On one occasion I had told her I was not working on the towers but unfortunately a local news crew were doing a story about the construction of the bridge and she saw pictures of me working at the top of the tower. She was heavily pregnant at the time and needless to say she was not very happy.
There was a great sense of camaraderie among the men working on the bridge – with everyone looking out for each other. Gerald was often found cooking fry-ups for colleagues -having first gone to one of the local shops in Saltash to buy the bacon and eggs !

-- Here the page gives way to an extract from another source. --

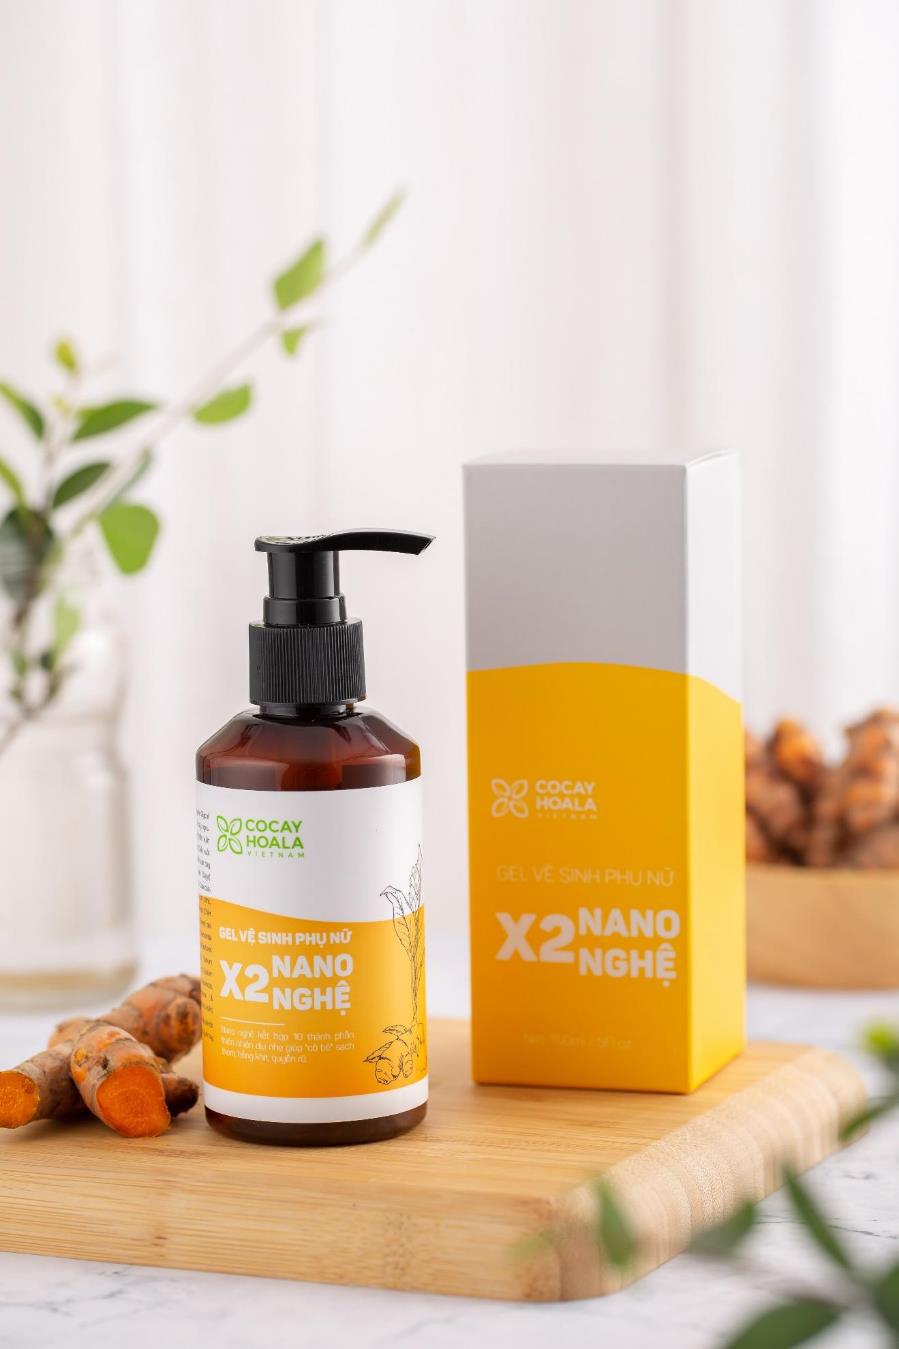 Review Gel vệ sinh phụ nữ X2 Nano nghệ - Giảm ngứa, giảm viêm, giảm mùi hôi hiệu quả sau 1 tuần sử dụng - Ảnh 5.

There were also some challenging times – one man fell from the top of the tower into the water below and was taken to hospital suffering from concussion while on another occasion a cable block got loose and landed on the footpath just behind a young woman pushing a pram.
That was very close, Bridges can be dangerous old jobs.
Gerald was also on duty in April 1961 when five workers tragically lost their lives when their boat was caught in a whirlpool current and sank. Gerald had been due to get on the boat but decided at the last minute to take the ferry across the river.
On Sunday morning Joint Chairs of the Tamar Bridge and Torpoint Ferry Joint Committee Councillors Jonathan Drean and Martin Worth led tributes to the five workers from the workboat disaster and the two construction workers who fell to their deaths while working on the bridge, and they laid a wreath at the memorial near the Tamar Crossings offices.
The highlights from the anniversary weekend included a drive across the bridge by a number of classic and vintage cars that would have been on the road in 1961. Organised by David Fry from Tamar Historic Transport Club, the event saw around 15 cars, ranging from a Rolls Royce to a Morris Minor, travelling in convoy from Saltash to the bridge office and back.
The weekend also saw the premiere of the five music videos produced by talented local musicians as part of the collaboration between Fotonow and the Bridging the Tamar team.
Saltash singer and songwriter Florence Hope is one of the musicians who was chosen to produce a music video for the project and says she feels very lucky and privileged to have the opportunity to write a song about the Tamar Bridge.
I wanted to personify what the bridge means to people in Cornwall and Devon in my song.
The Tamar Bridge is not just a significant landmark, it is a very important link for all of us which connects Cornwall to Devon and to the rest of the UK.
I also wanted to show the importance of the bridge to young people. Many young people do not really think about Tamar Bridge– it is just a bridge which has been there since they were born. But it has not always been here, and we all need to appreciate the hard work that went into building it 60 years ago. It was not always plain sailing and it is really important for us to listen to the personal stories of the people who were involved in its construction.
Andrew Putt was one of the four people who were chosen by ballot from more than 200 applications to climb to the top of the one of the towers on the bridge.
Explaining that this was something he had always wanted to do, Andrew said it was a once in a lifetime opportunity which he grasped with both hands.
It was much better than I thought it would be, It was a totally amazing experience which I will always remember.
Andrew was joined on his tower top climb, which was led by Tamar Crossings Engineering Manager Richard Cole, by Dy Taylor, Colin Leeds and Alan Matthew.